Two execution paths, both auditable:

  • Live MA runs — interactive; every event mirrored to Postgres so the studio timeline is durable and a refresh replays it from the DB.
  • WDK rigs — saved or proposed flows executed via Vercel Workflow DevKit; durable, resumable mid-stream, and replay-safe because only capabilities marked safe for repeat execution are admitted.
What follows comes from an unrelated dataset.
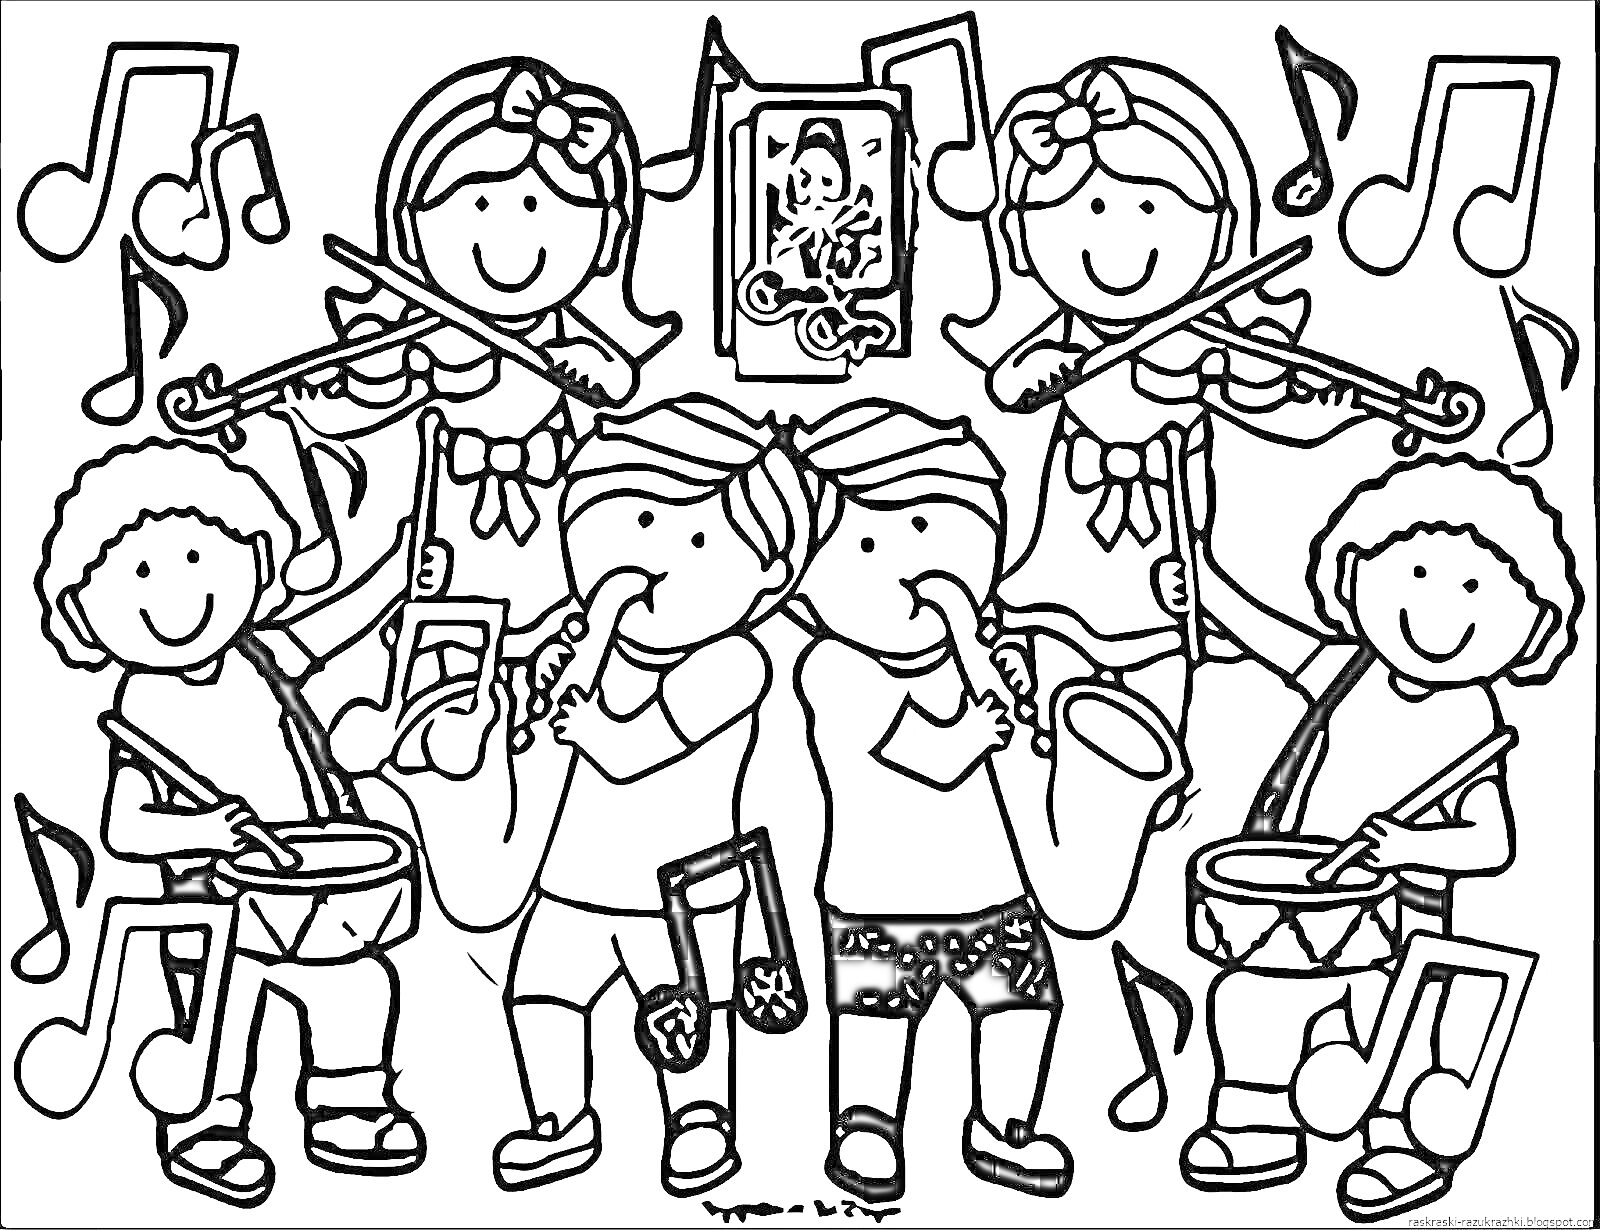 Раскраска Дети играют на музыкальных инструментах (скрипки, саксофоны, барабаны) с нотами на фоне

See docs/THESIS.md for the long form and docs/ARCHITECTURE.md for the layered diagram.

The 90-second demo

# 1. install + provision once
bun install
cp apps/op0/.env.example apps/op0/.env.local   # fill REPLICATE/ELEVENLABS/ANTHROPIC keys, DATABASE_URL, BLOB_READ_WRITE_TOKEN, BETTER_AUTH_SECRET
bun --filter op0 setup:agent                   # creates the op0-studio MA agent + environment

# 2. run
bun --filter op0 dev                            # http://localhost:3000

# 3. record this flow
#    /studio?audit=open
#    brief: "a 1970s editorial portrait of a daffodil. for future runs,
#            prefer warm film grain and sparse arrangements."
#       -> instructions(upsert) records the taste rule with the user's words
#       -> compose_character creates the image
#       -> compose_score creates the score
#       -> compose.video renders a Remotion MP4 and mirrors it to Blob
#       -> (optional) compose_gen_video for a fresh generative video clip
#       -> audit drawer shows the tool trail and reasons
#    brief: "save this as the editorial rig"
#       -> save_rig derives a reusable WDK workflow from the audited tool calls
#    brief: "set up a rig for monochrome character studies"
#       -> propose_rig designs a new reusable flow, behind confirmation

Both consumers write to the same instructions(upsert/retire, payload, reason) shape. The audit trail is uniform; the live agent loop is uniform; deterministic rigs reuse the same capability registry.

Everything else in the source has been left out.